I recently traded for a 75 gallon fish aquarium. It had plenty of fish in it that my 4 year old son and I can identify, but there are 3 that we are not sure about. Please see pictures below and help if you can.

Here is a nice little silver fellow:










A sort of rough looking orange guy:










And an interesting catfish that we aren't quite sure about:










Thanks


Or.... maybe not, images not showing up, hosted on a different site. I couldn't upload any with the member galleries too either.. Hmm.


----------



## susankat (Nov 15, 2008)

try uploading to photobucket, its a free site, then use the bottom image file.


----------



## Pantani (Sep 27, 2011)

Here are direct links to the imageshack locations I hosted the files at in the first post.

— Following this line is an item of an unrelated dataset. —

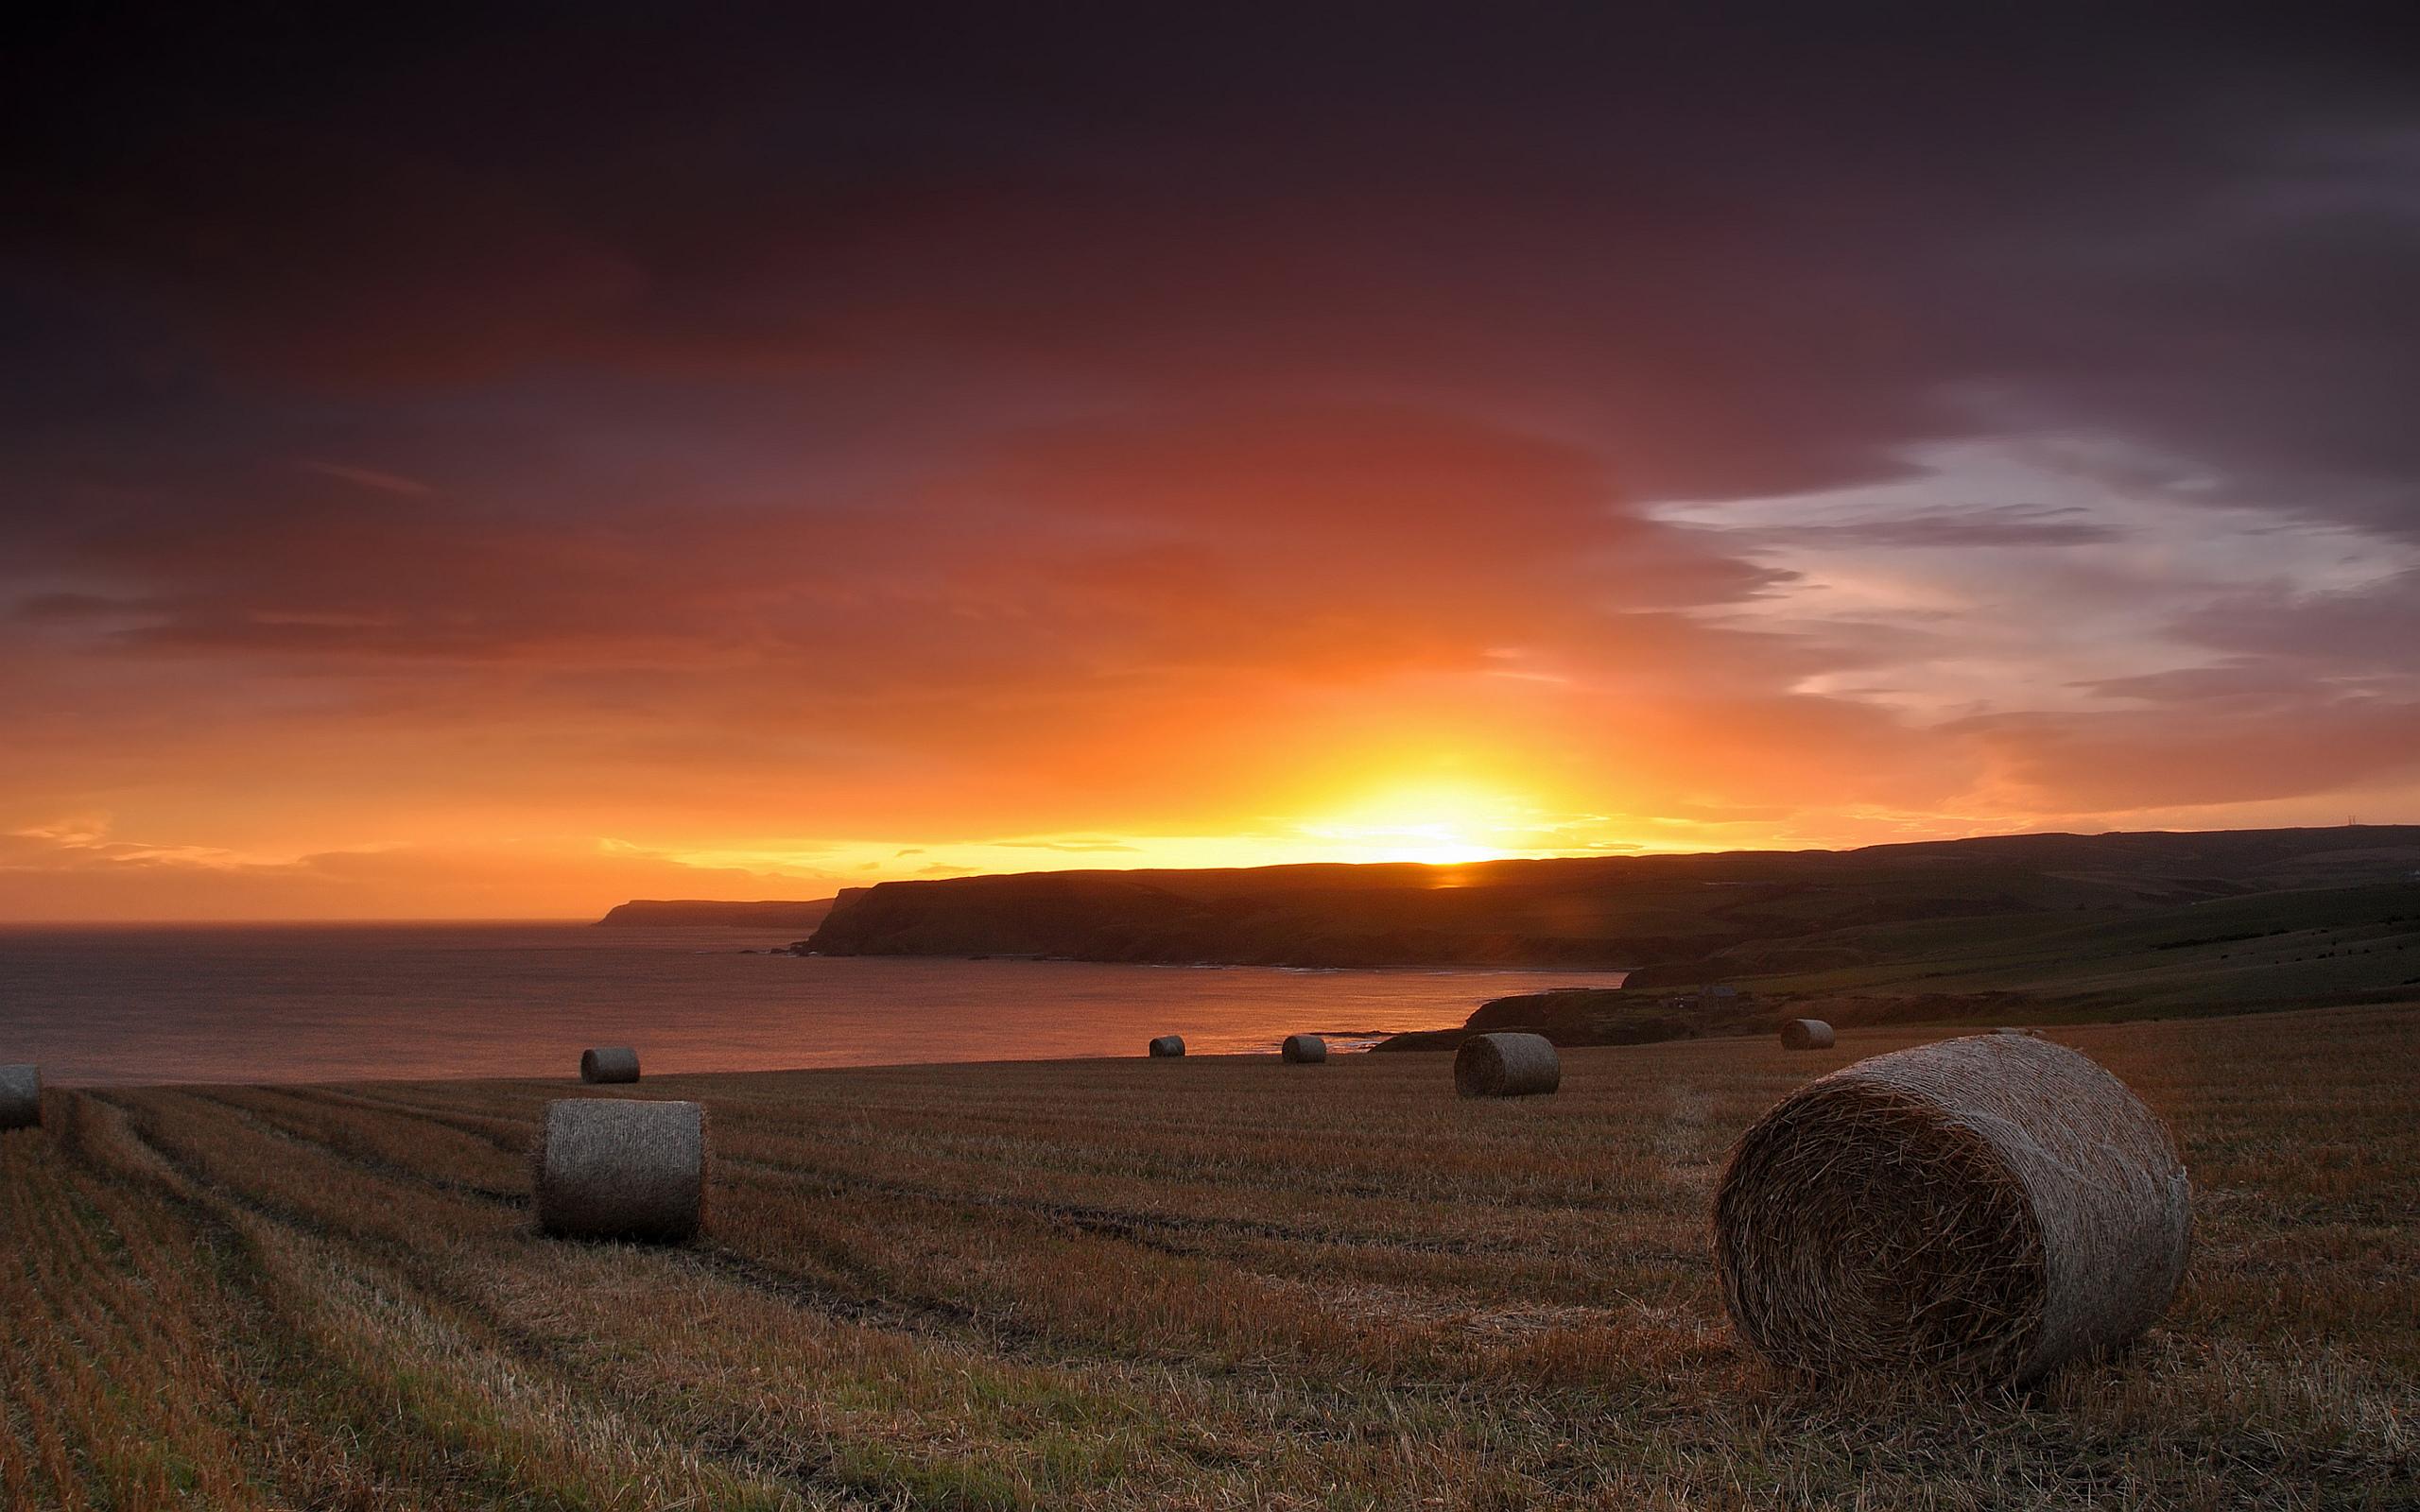 cornfield sunset lanscape

Here is a nice little silver fellow:

ImageShack® - Online Photo and Video Hosting

A sort of rough looking orange guy:

ImageShack® - Online Photo and Video Hosting

And an interesting catfish that we aren't quite sure about:

ImageShack® - Online Photo and Video Hosting


----------



## susankat (Nov 15, 2008)

first not sure but looks to be some type of tetra

2nd looks like a molly

3rd is a striped rapheal


----------



## tike (Nov 10, 2008)

First is a Buenos Aires Tetra.


----------



## holly12 (Apr 21, 2011)

I was going to say Buenos Aires Tetra. Second Platy or Molly. Third Striped Raphael Catfish.

Your Buenos Aires Tetra is going to need friends. 6+ and he'll be happy.


----------



## Pantani (Sep 27, 2011)

I rehomed the B.A. tetra and am in the process of trying to do the same for one of the 2 rainbow sharks and one of the standard plecos. Not that I know much yet about the hobby, but the guy I got this off of had a mess in the tank with his fish selection.


----------